INPUT DATA:
########################################

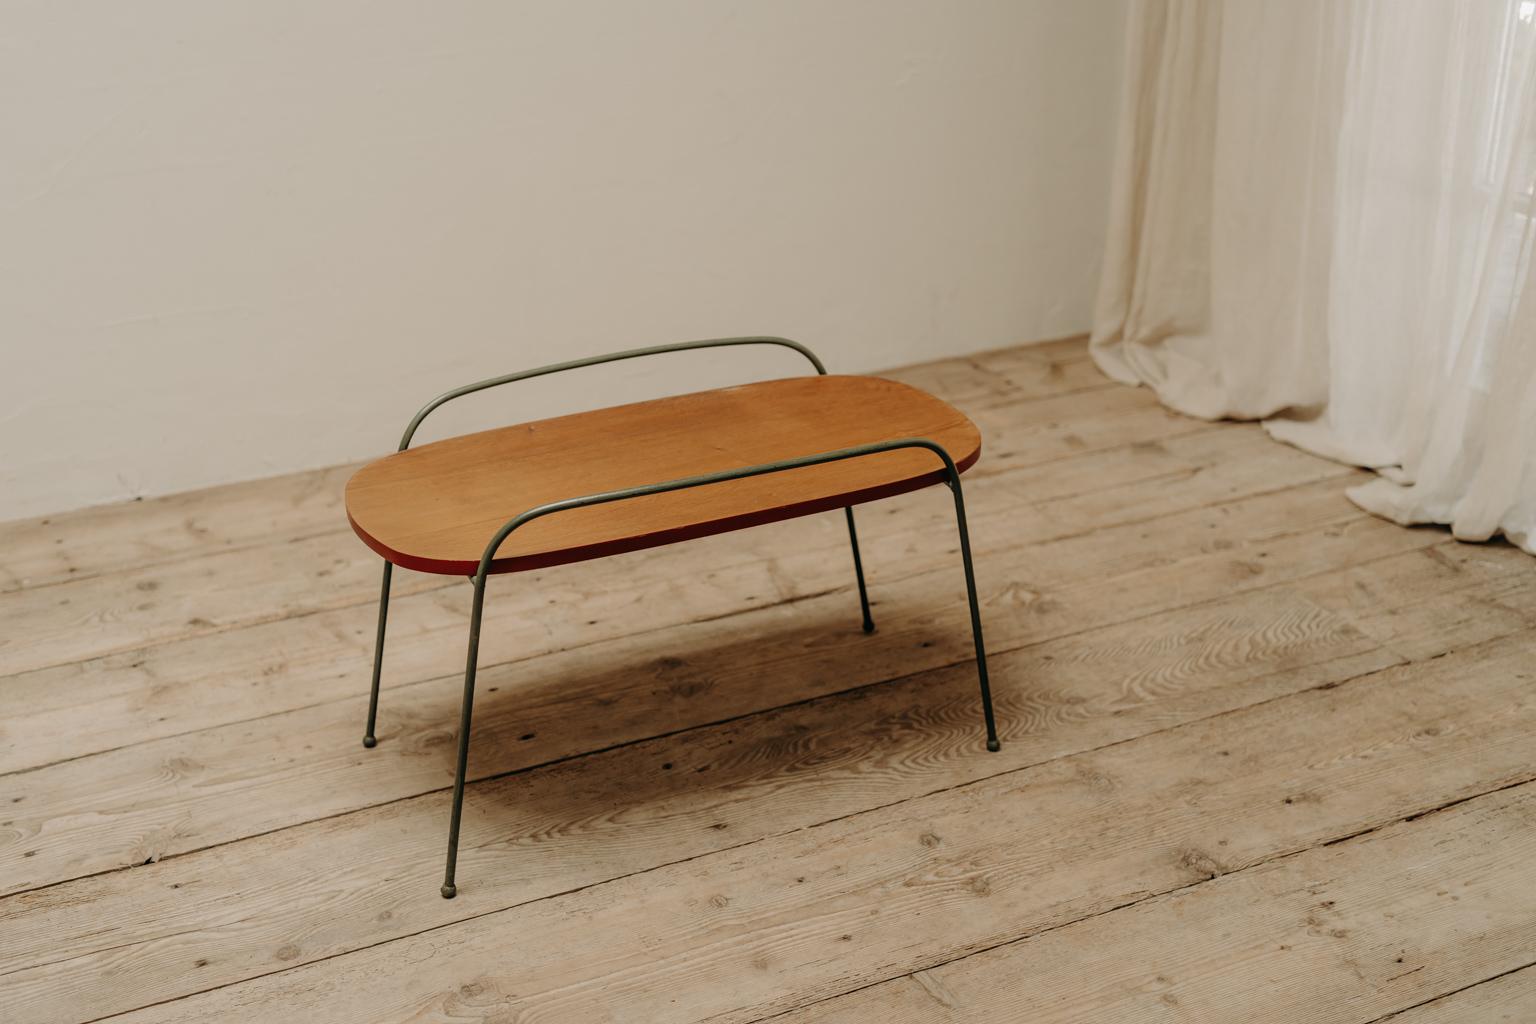 Great midcentury design on this elegant, small coffee table... Great item for vintage lovers.
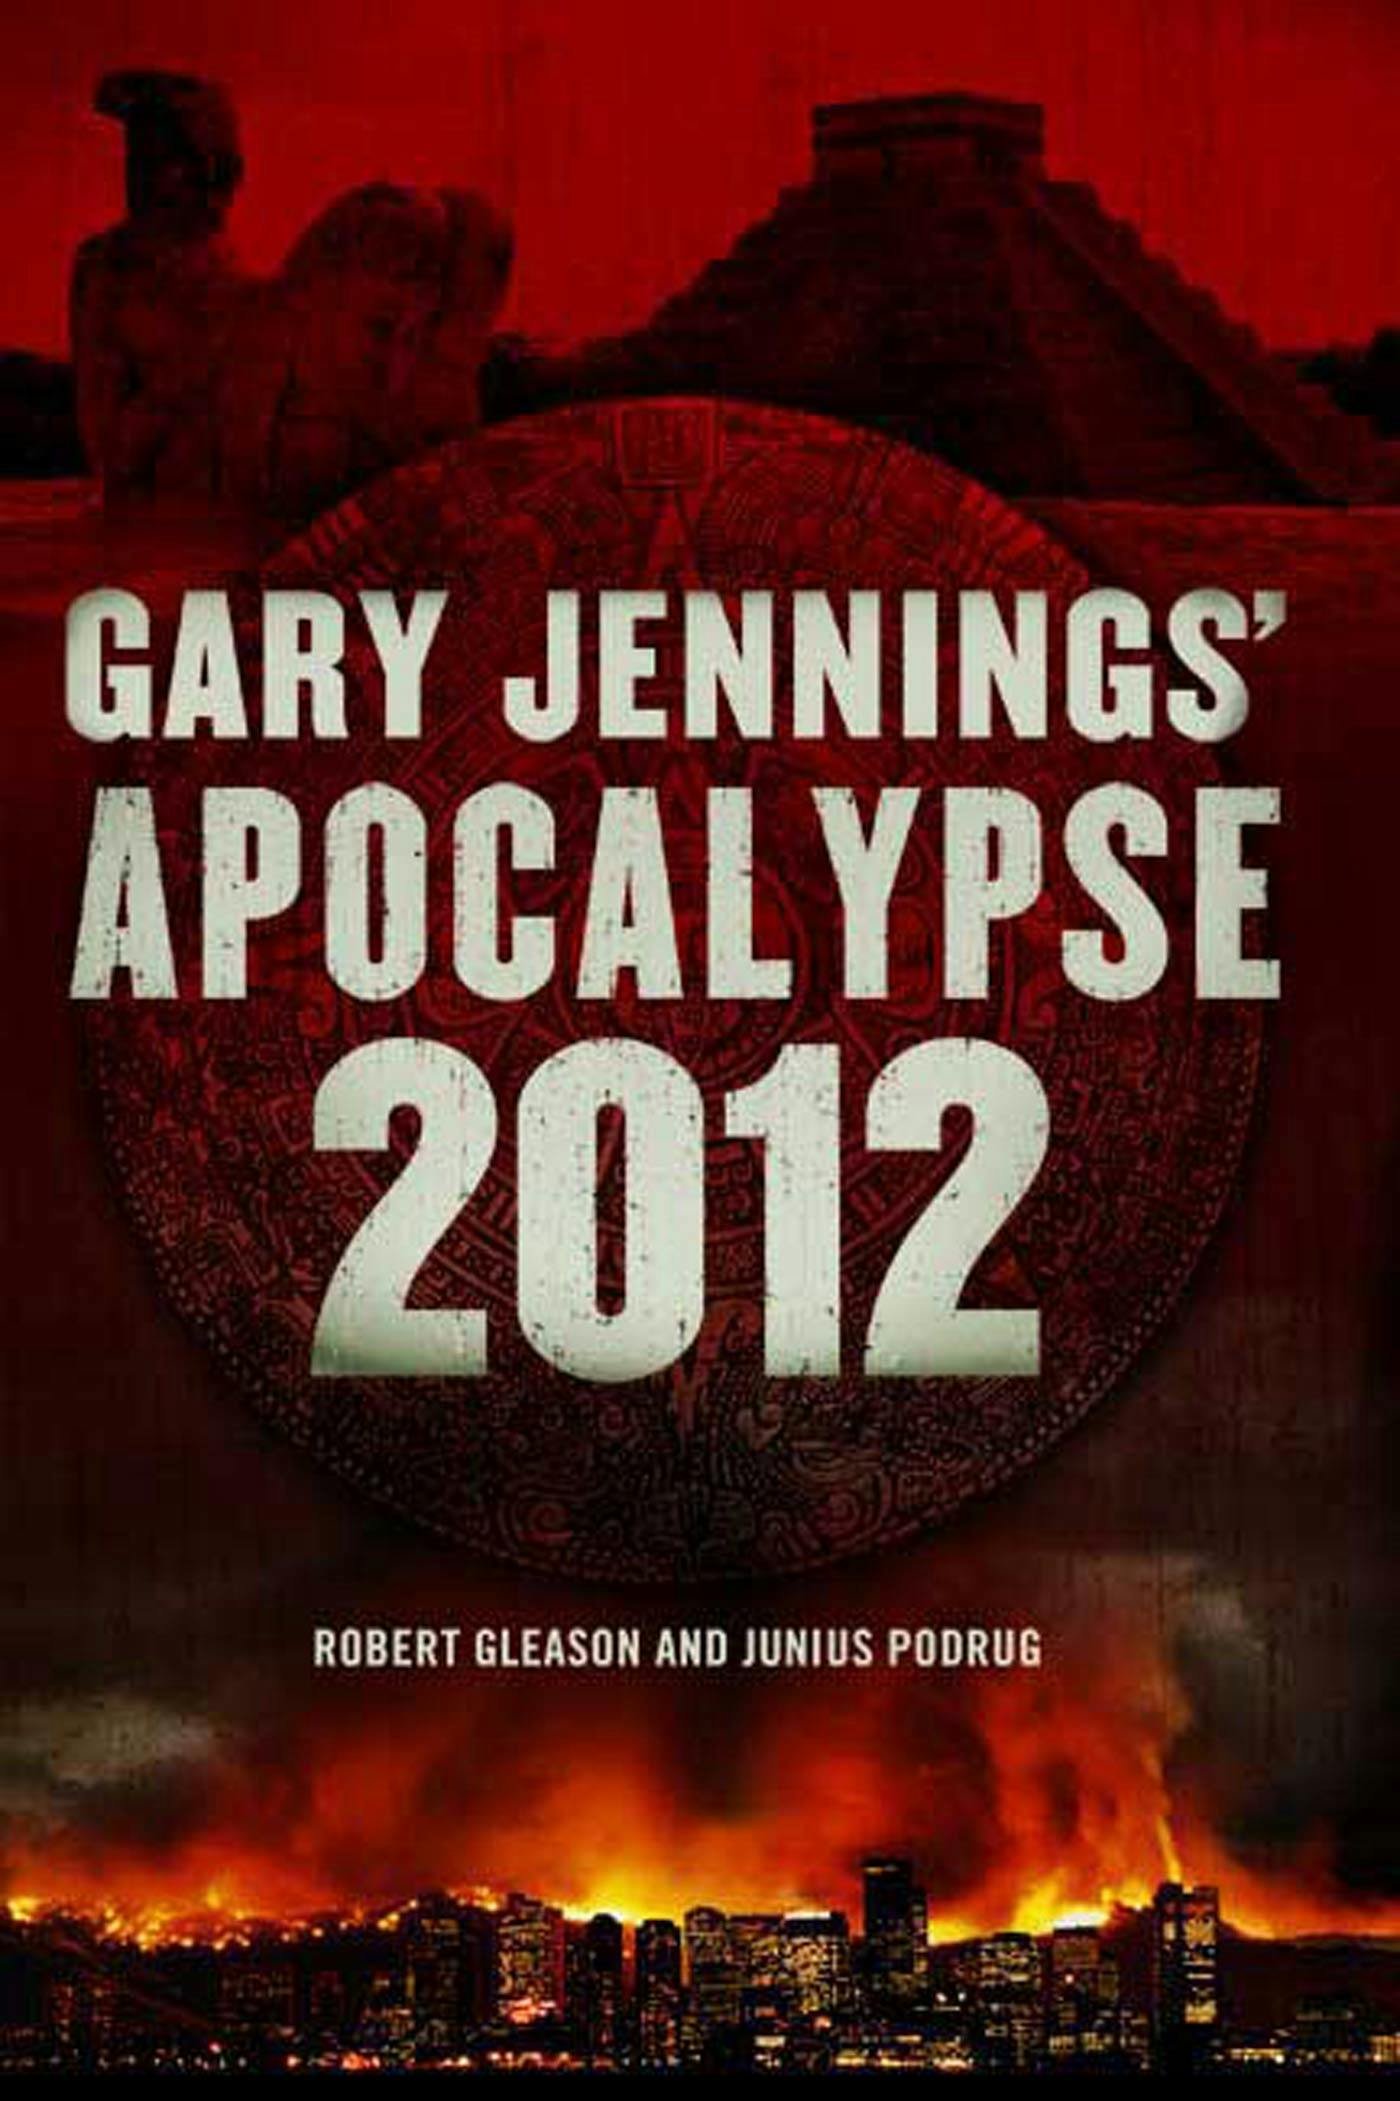 Cover for the book titled as: Apocalypse 2012
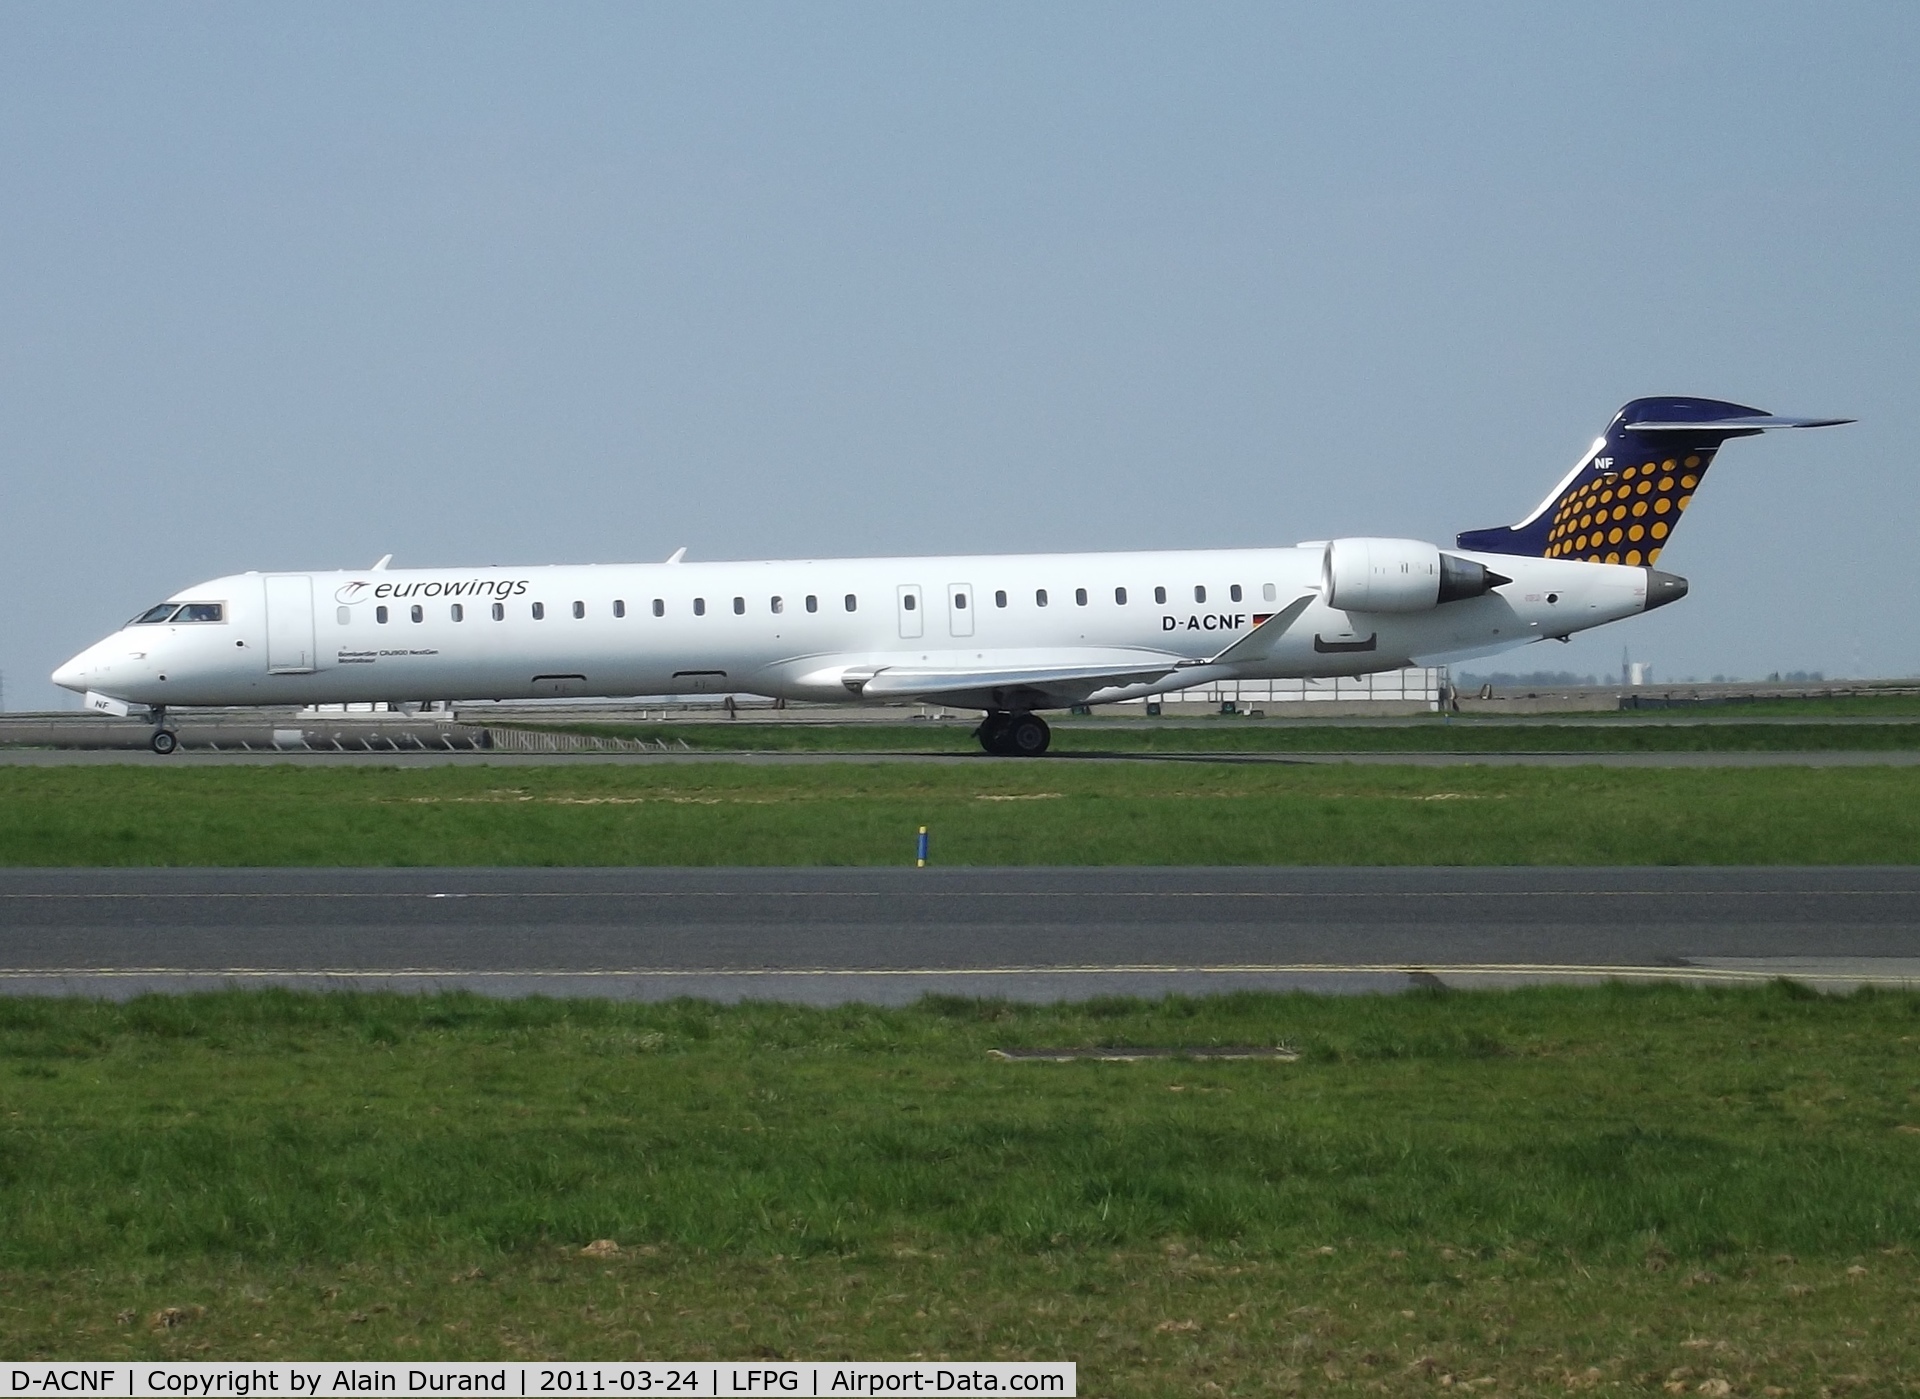 D-ACNF, 2009 Bombardier CRJ-900 (CL-600-2D24) C/N 15243, Named Montabor, November-Foxtrott is one of 23 CRJ-900 opertaed by Eurowings

########################################

Could you give the material above again, exactly and without its pictures?

ANSWER SECTION:
 Great midcentury design on this elegant, small coffee table... Great item for vintage lovers.
 Cover for the book titled as: Apocalypse 2012
 D-ACNF, 2009 Bombardier CRJ-900 (CL-600-2D24) C/N 15243, Named Montabor, November-Foxtrott is one of 23 CRJ-900 opertaed by Eurowings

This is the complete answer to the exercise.